Equity in Action: Norwood’s Community Crisis Intervention Team

Norwood’s Community Crisis Intervention Team (CCIT) is dedicated to promoting communication and enhancing the response of public and private agencies to individuals with a mental health disorder, SUD, and/or developmental disability, or who are experiencing trauma. The team comprises representatives from across the community, including the town’s police, fire, and public health departments; housing authority; mental health and elder services agencies; Norwood Public Schools; and local hospitals.

The CCIT meets monthly to discuss individual cases and collaborate on a response plan, paying particular attention to those in the community who may need extra assistance due to health and racial inequities. In addition to providing access to treatment and recovery services, it also addresses critical social determinants of health, including access to  transportation, food, and housing.

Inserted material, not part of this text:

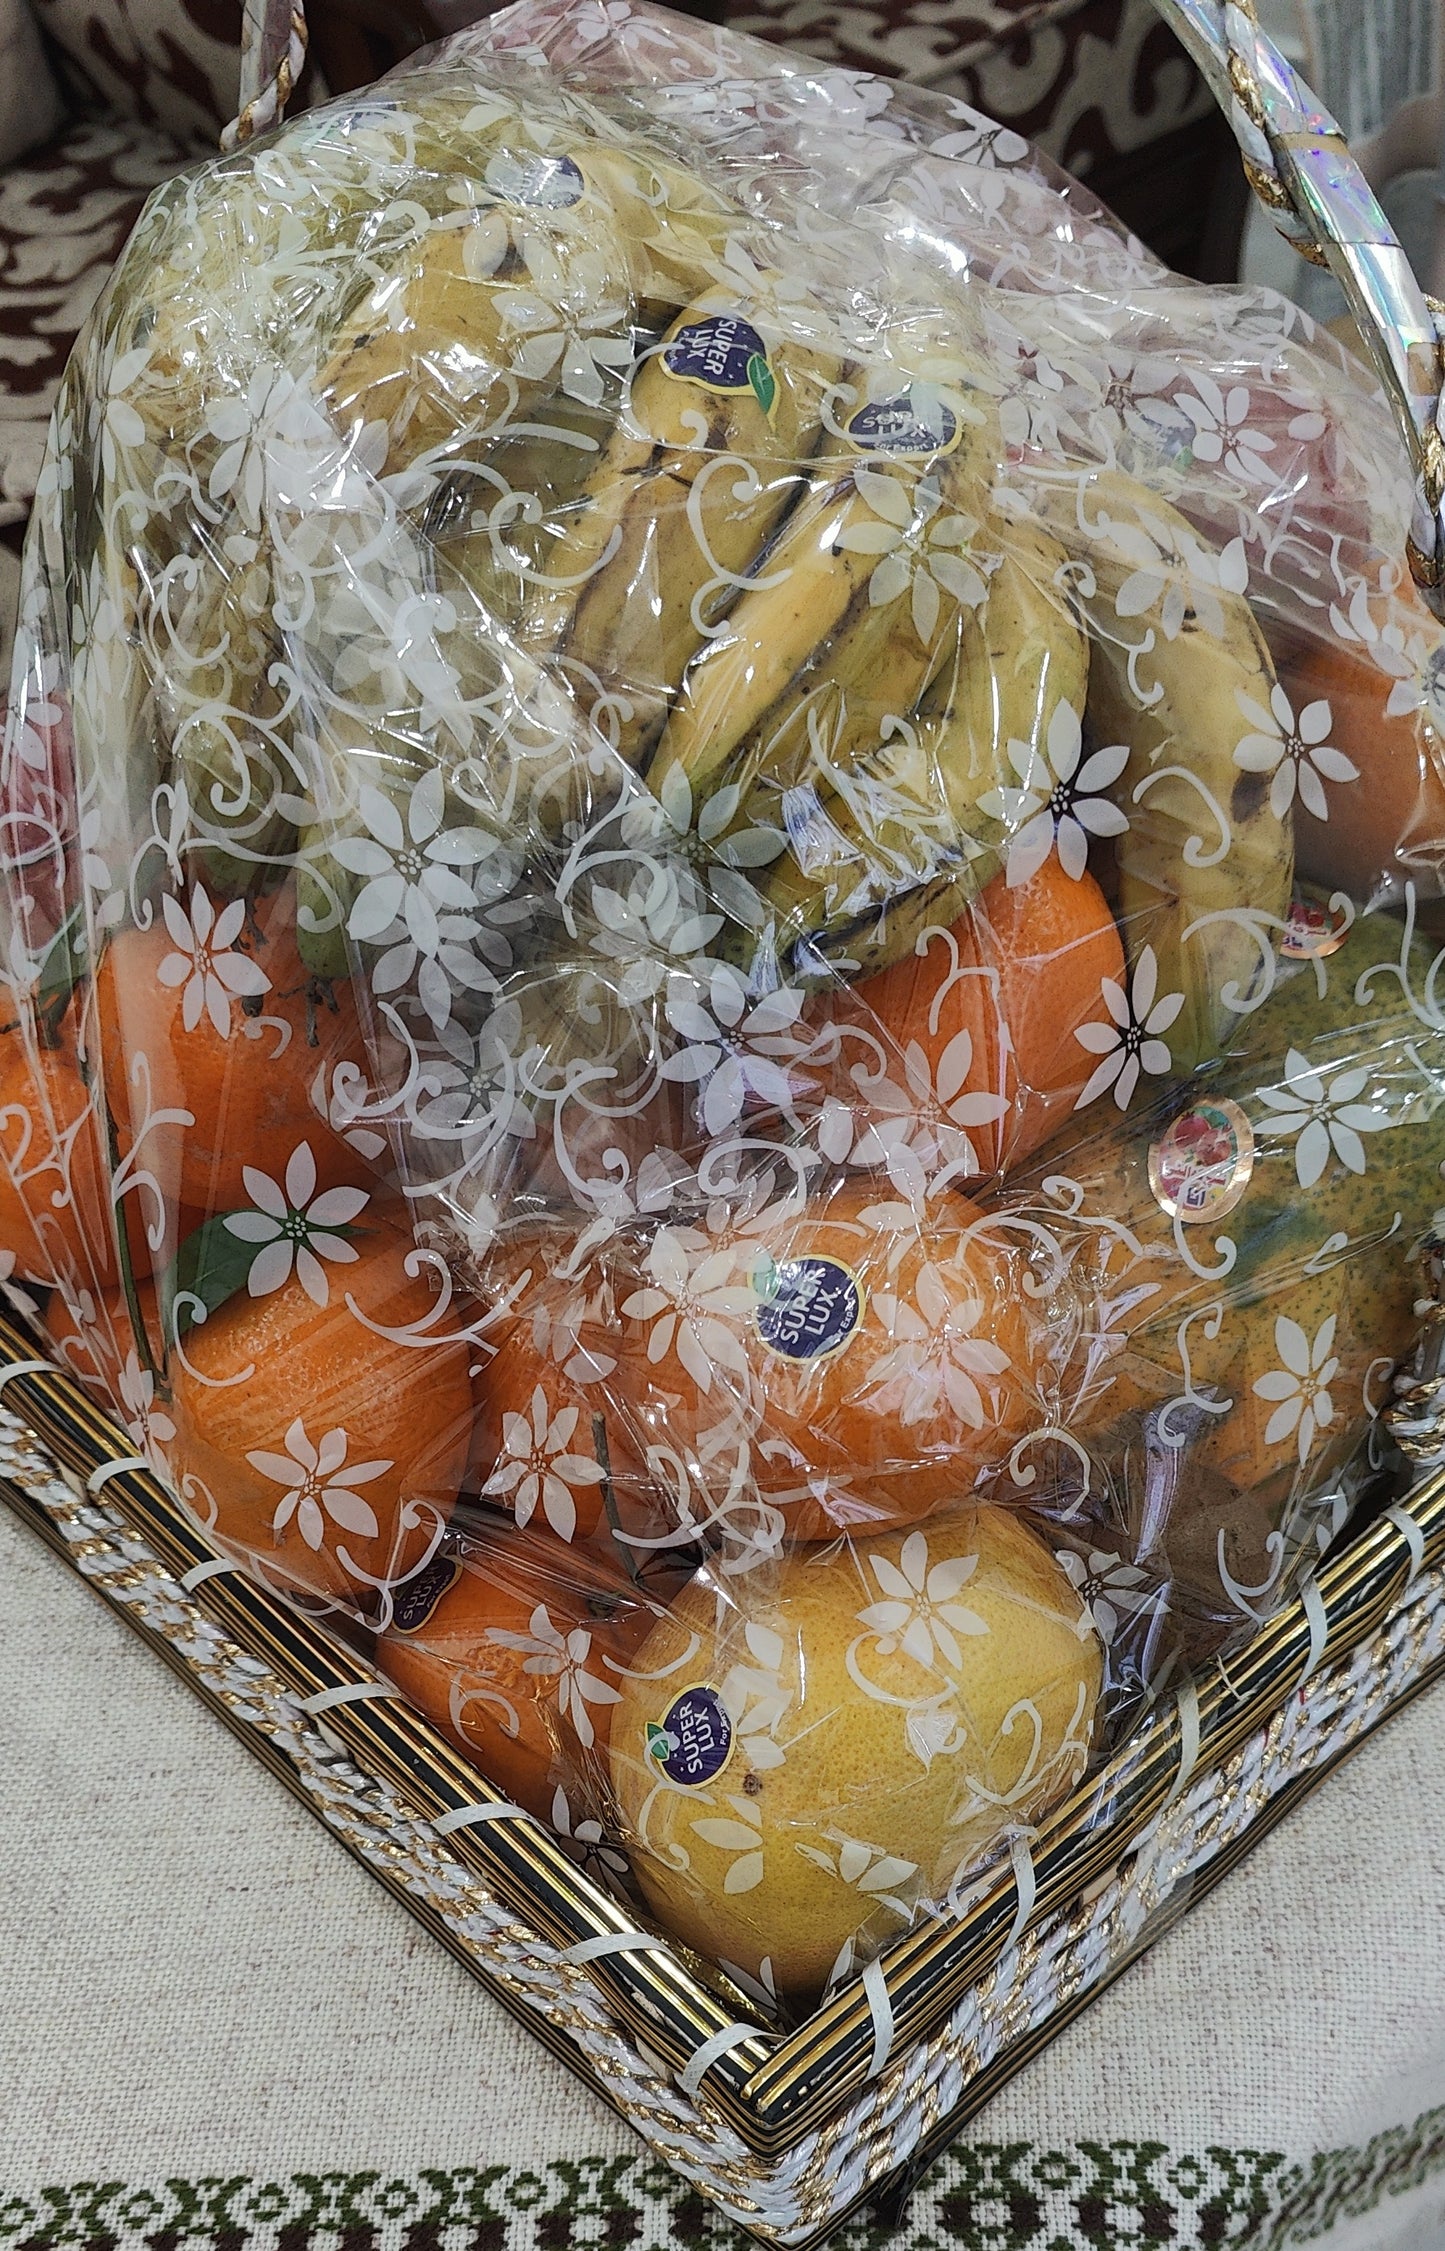 Fresh Fruit Basket - 16kg (Lahore Only)

For example, a member of the Norwood Police Department recently alerted the team to an individual with SUD who had had multiple encounters with law enforcement. The CCIT mobilized the resources to find the individual (who was uninsured) a bed in a local treatment facility. When he was later released, they also helped to find him housing and employment.

“CCIT reflects the strong capacity and investment Norwood has in providing equitable services to members of the community who may need extra assistance,” says Aubrey Ciol, the program director for Norwood’s Drug-free Communities program, embedded in the city’s health department. “The team is engrained in the community. We all work together to provide the supports people need to live healthy and productive lives.”